GRAMOPHONE SEPTEMBER 2010
Instrumental
Seven Toccatas - BWV910-16 Andrea Bacchetti pf Dynamic [ F ] CDS658 (80' • DDD) Andrea Bacchetti's sensitive performances enter a competitive field
In his recent Goldberg Variations, DVD (Arthaus),
Andrea Bacchetti discussed his pianistic Bach style as playing
"slowly, in a controlled manner".
This applies to the Toccatas as well. When Bach indicates no tempo.
Bacchetti tends to unfold the music at a leisurely pace, sustaining attention
through his carefully organised dynamic designs and keen harmonic awareness.
To cite a few instances, sample the D minor's second-movement fugue's build-up
and the subsequent Adagio's chromatic accentuation, or notice how Bacchetti's
stone-cold-sober deliberation over the C minor's Allegro and the D major's
concluding fugue contrasts to lighter, more playful accounts from Glenn Gould
(Sony, 9/94) and Angela Hewitt (Hyperion, 10/02). Bacchetti accurately addresses
the F sharp minor third movement's Presto e staccato directive, yet so do the
aforementioned competitors by way of crisper, better-contrasted and more
characterful articulation, On the other hand, Bacchetti's pearly legato touch
and contoured delineation in the G minor's much-slower-than-allegro.

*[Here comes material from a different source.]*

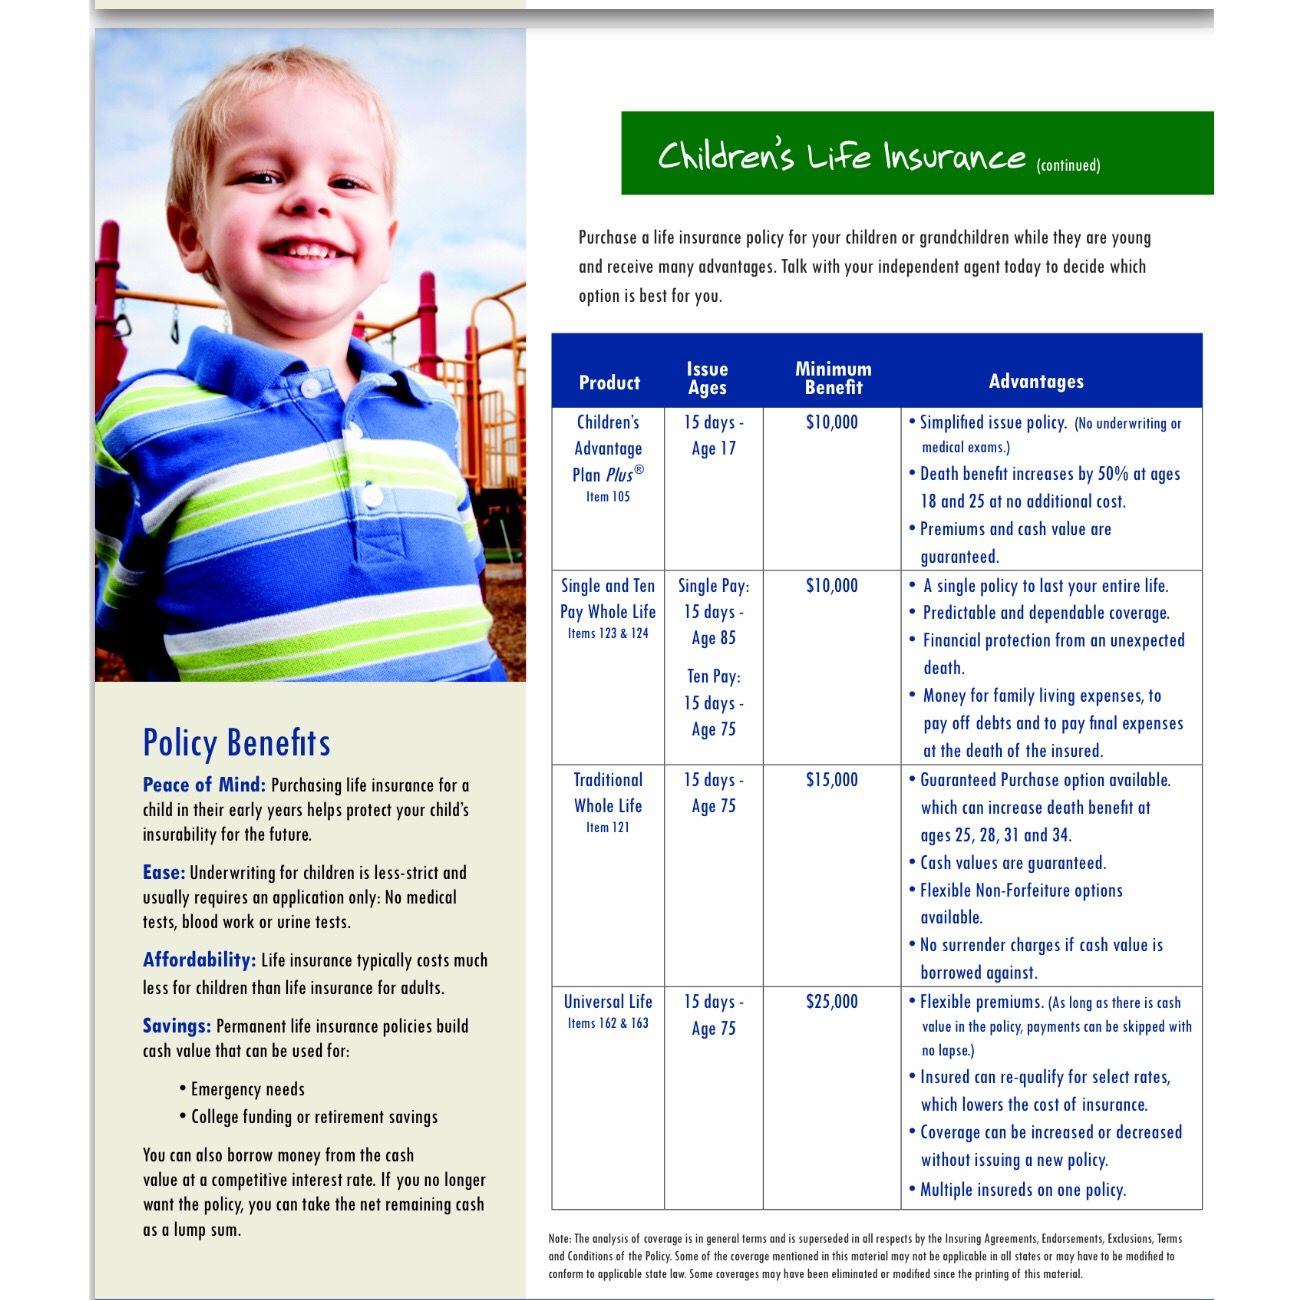 Pin by Tammy Wickham on Insurance Life, Childrens, Insurance

Allegro convincingly defend the pianist's unorthodox pace. For a piano version
of all seven Toccatas on a single disc, Hewitt remains first choice, although the
present disc offers separate tracks within each toccata, as opposed to Hyperion's
stingier one-track-per-toccata policy. The recorded sound is robust and full-bodied
but takes on a unattractive stridency in louder moments.